Reputation: 790
We have field(s) in mongodb which has numbers in string form, values such as "$123,00,89.00" or "1234$" etc
Is it possible to customize $sum accumulators in mongodb, so that, certain processing can be done at each field value while the sum is performed. Such as substring or reg-ex processing etc.
Upvotes: 1
Views: 331
Reputation: 50406
The .mapReduce()
method is what you need here.

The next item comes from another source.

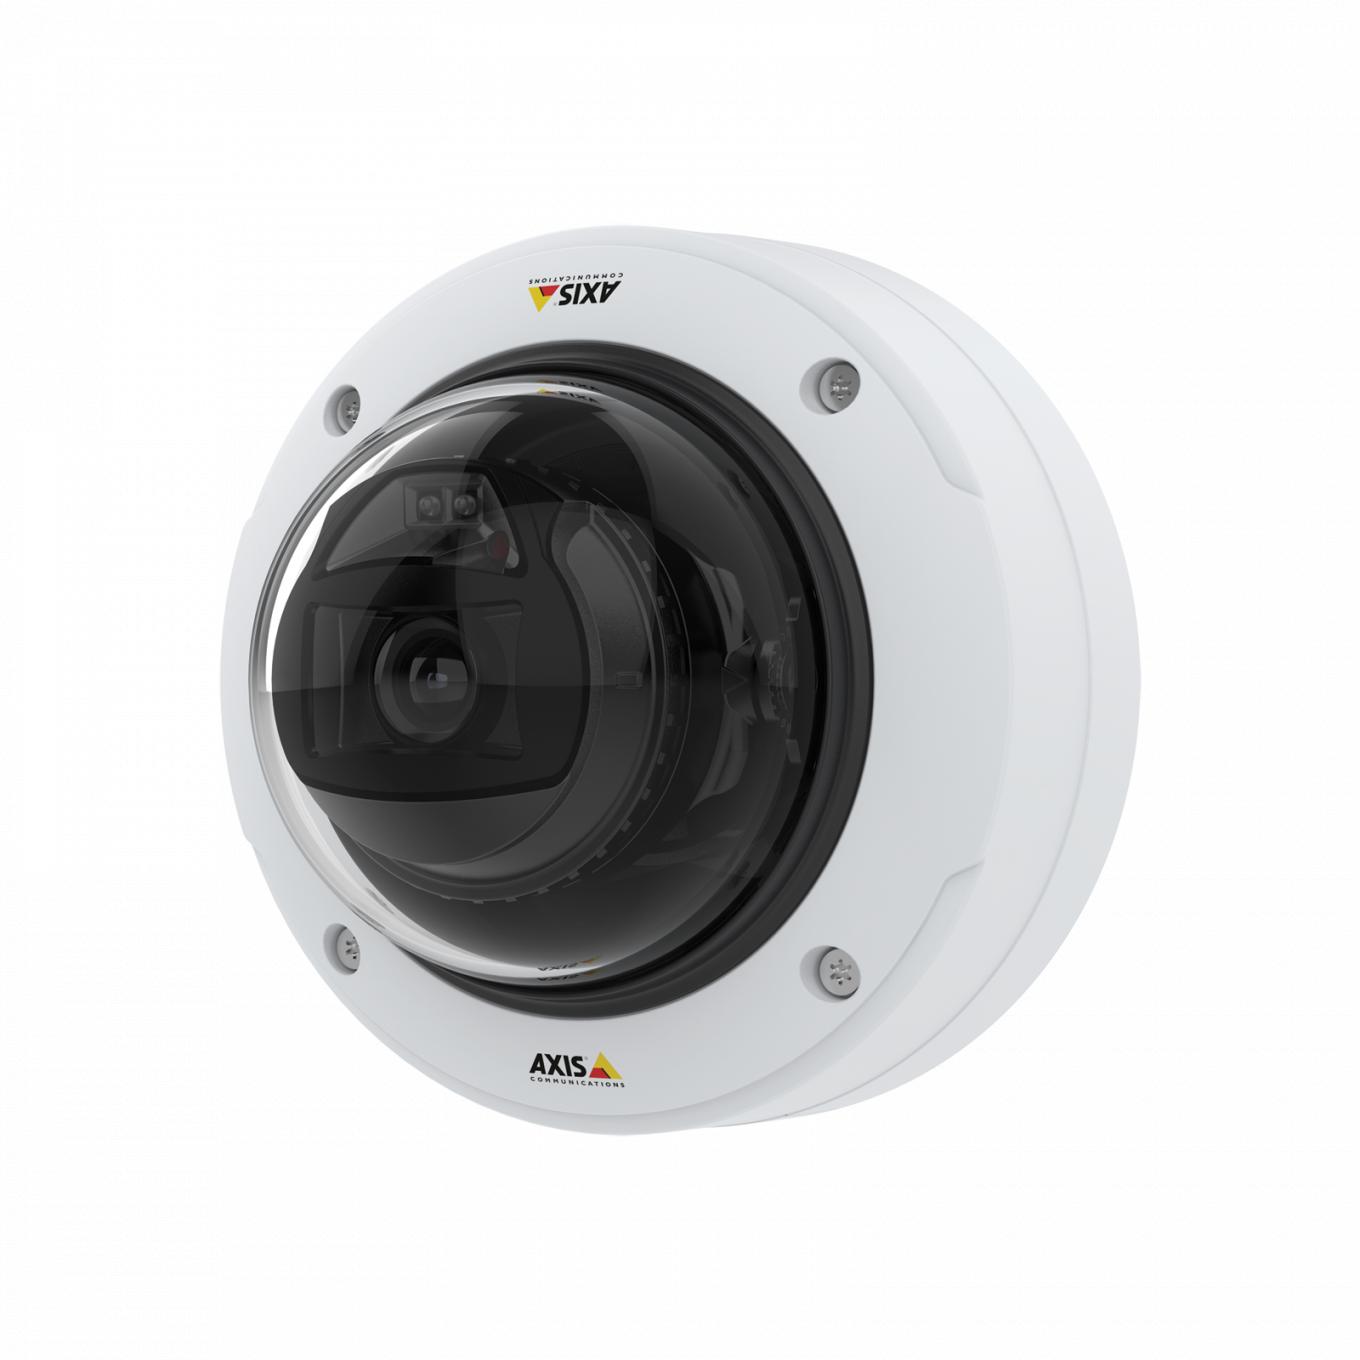 Купольная камера AXIS P3255-LVE Dome Camera, вид спереди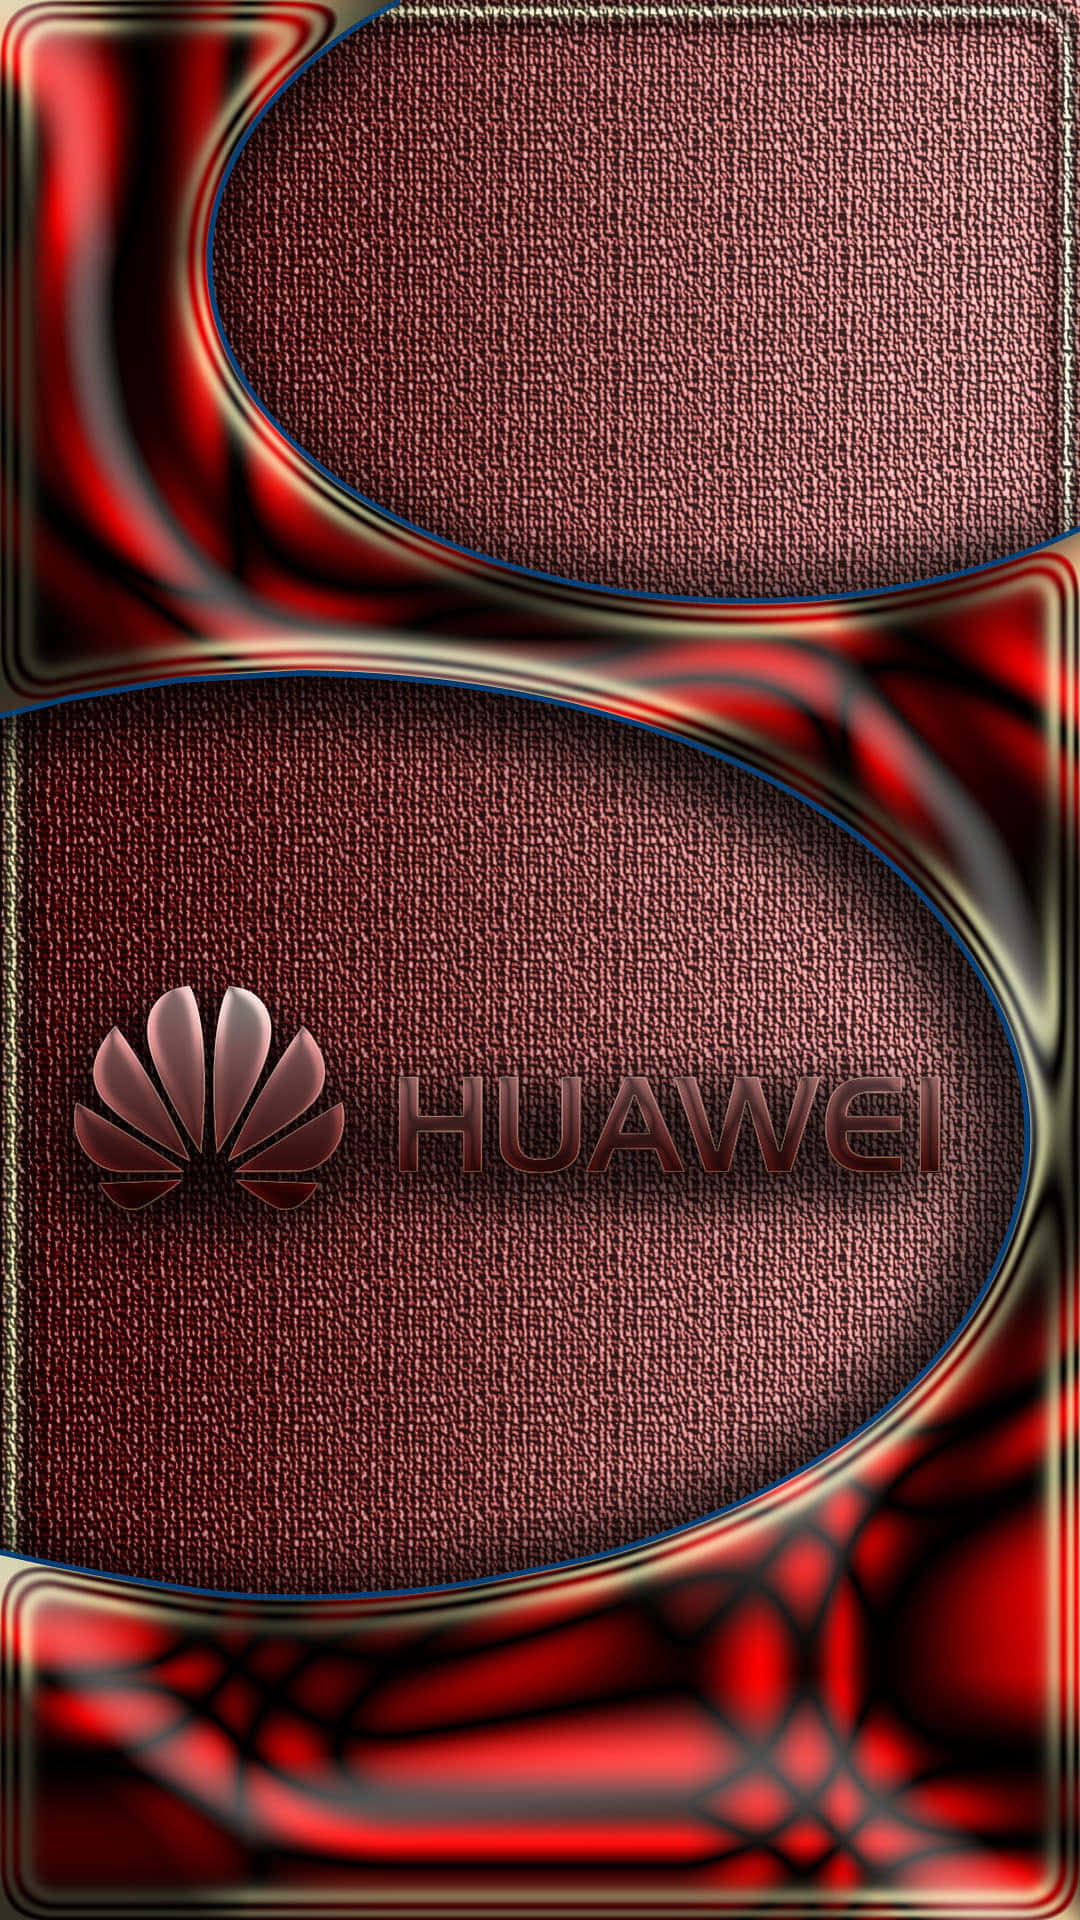 Huaweipresenta La Última Tecnología Imprescindible En Teléfonos Inteligentes.

You cannot "cast" values in the aggregation framework from one "type" to another ( with the exception of "to string" or from Date
to numeric ).
The JavaScript processing means that you can convert a string into a value for "summing". Somthing like this ( with a bit more work on a "safe" regex for the required "currency" values:
db.collection.mapReduce(
function() {
emit(null, this.amount.replace(/\$|,|\./g,"") / 100 );
},
function(key,values) {
return Array.sum(values);
},
{ "out": { "inline": 1 } }
)
Or with .group()
which also uses JavaScript procesing, but is a bit more restrcitive in it's requirements:
db.collection.group({
"key": null,
"reduce": function( curr,result ) {
result.total += curr.amount.replace(/\$|,|\./g,"") /100;
},
"initial": { "total": 0 }
});
So JavaScript processing is your only option as these sorts of operations are not supported in the aggregatation framework.
A number can be a string:
db.junk.aggregate([{ "$project": { "a": { "$substr": [ 1,0,1 ] } } }])
{ "_id" : ObjectId("55a458c567446a4351c804e5"), "a" : "1" }
And a Date
can become a number:
db.junk.aggregate([{ "$project": { "a": { "$subtract": [ new Date(), new Date(0) ] } } }])
{ "_id" : ObjectId("55a458c567446a4351c804e5"), "a" : NumberLong("1436835669446") }
But there are no other operators to "cast" a "string" to "numeric" or even anthing to do a Regex replace as shown above.
If you want to use .aggregate()
then you need to fix your data into a format that will support it, thus "numeric":
var bulk = db.collection.initializeOrderedBulkOp(),
count = 0;
db.collection.find({ "amount": /\$|,\./g }).forEach(function(doc) {
doc.amount = doc.amount.replace(/\$|,|\./g,"") /100;
bulk.find({ "_id": doc._id }).updateOne({
"$set": { "amount": doc.amount }
});
count++;
// execute once in 1000 operations
if ( count % 1000 == 0 ) {
bulk.execute();
bulk = db.collection.initializeOrderedBulkOp();
}
});
// clean up queued operations
if ( count % 1000 != 0 )
bulk.execute();
Then you can use .aggregate()
on your "numeric" data:
db.collection.aggregate([
{ "$group": { "_id": null, "total": { "$sum": "$amount" } } }
])
Upvotes: 1